For a typical deployment with 10,000 cached prefixes, memory usage drops from ~1.8 GB to just ~14 MB – freeing up resources for actual inference workloads.
Impact: Cache-aware routing is now 10-12x faster and uses 99% less memory. This is critical for large-scale multi-tenant deployments.
🔐 JWT/OIDC Authentication
Production-grade security for control plane APIs with native support for industry-standard OIDC providers: Google, Azure, Oracle, GitHub, and more. Protect tokenizer management, worker registration, and admin endpoints with enterprise authentication infrastructure you already use. Critical for enterprise deployments – seamlessly integrate SMG into your existing identity and access management systems.

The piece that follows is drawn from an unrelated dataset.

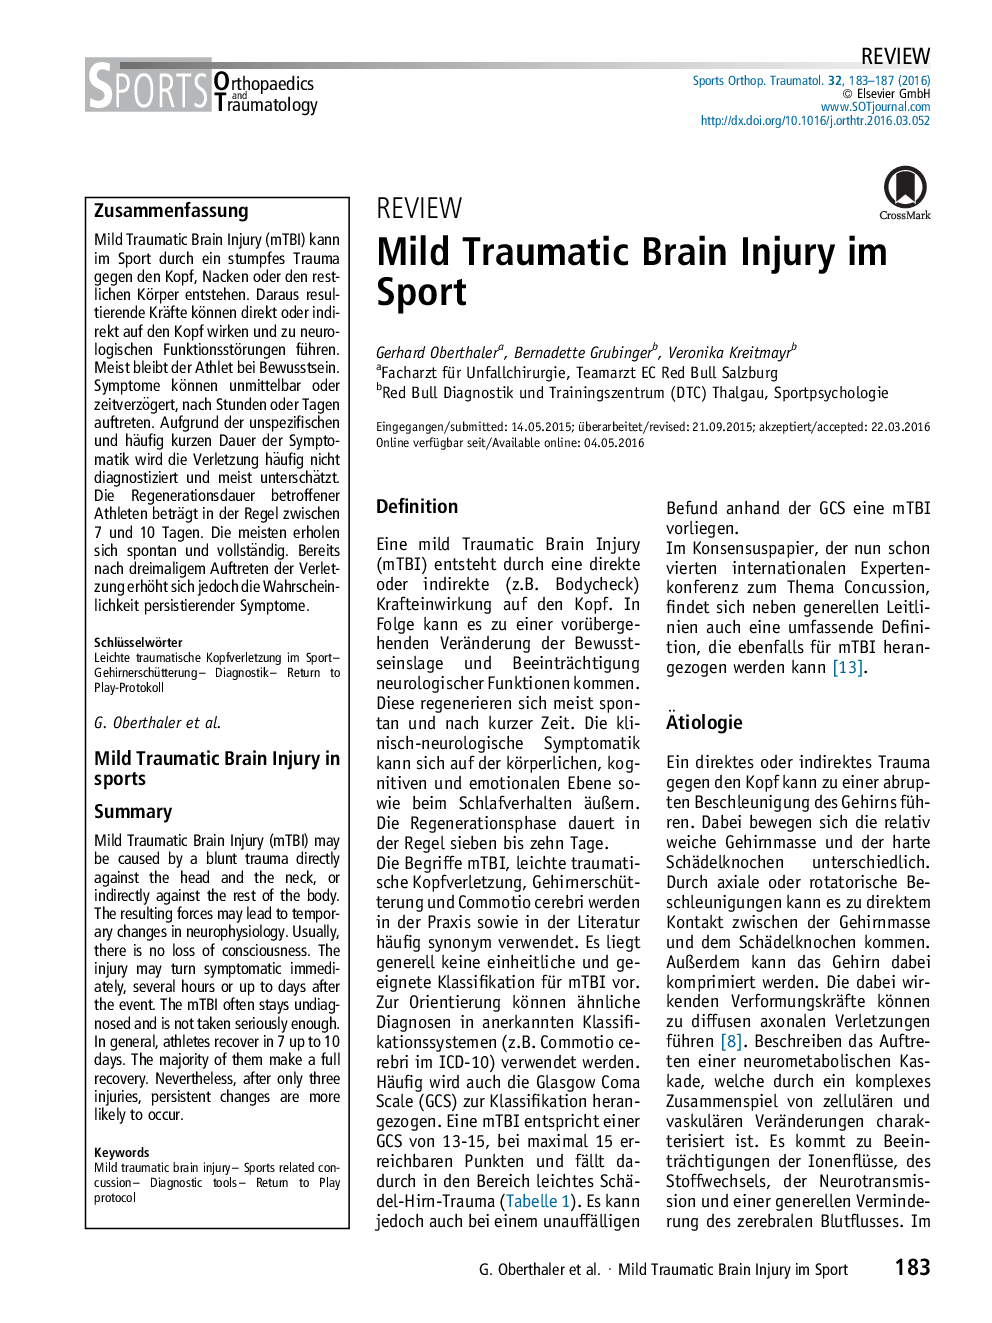 Mild Traumatic Brain Injury im Sport

📊 Classification API Support
Native support for classification workloads! Deploy and serve classification models alongside your existing inference fleet with dedicated pipeline stages and protocol types.
✨ Additional Features
- PrefixHash Load Balancing: New KV cache-aware load balancing policy using prefix hashing for improved cache hit rates in multi-tenant environments.
- Nemotron Nano V3 Parser
- In-Flight Request Age Metrics: Track request age in-flight for better observability and SLA monitoring.
🛠️ Enhancements
Developer Experience:
- Organized CLI arguments into logical groups
- Shortened logging targets (sgl_model_gateway → smg)
- Comprehensive embedding correctness tests against HuggingFace
- Auto-generate protobuf files during wheel build
Reliability:
- Fix IGW routing for external OpenAI workers
- Work around orphan process problems
- Prevent potential hangs in subprocess handling
- Use 504 Gateway Timeout for upstream timeouts (proper HTTP semantics)
🐛 Bug Fixes
- Fixed embedding worker health check crash
- Fixed tokenizer to match transformers special token handling
- Fixed age bucket rendering issue
- Fixed non-PD router HTTP header whitelist
- Fixed duplicate classify prefix in response ID
- Fixed WASM test errors on machines with many cores
⚡ Built for speed. Engineered for scale. Production-proven.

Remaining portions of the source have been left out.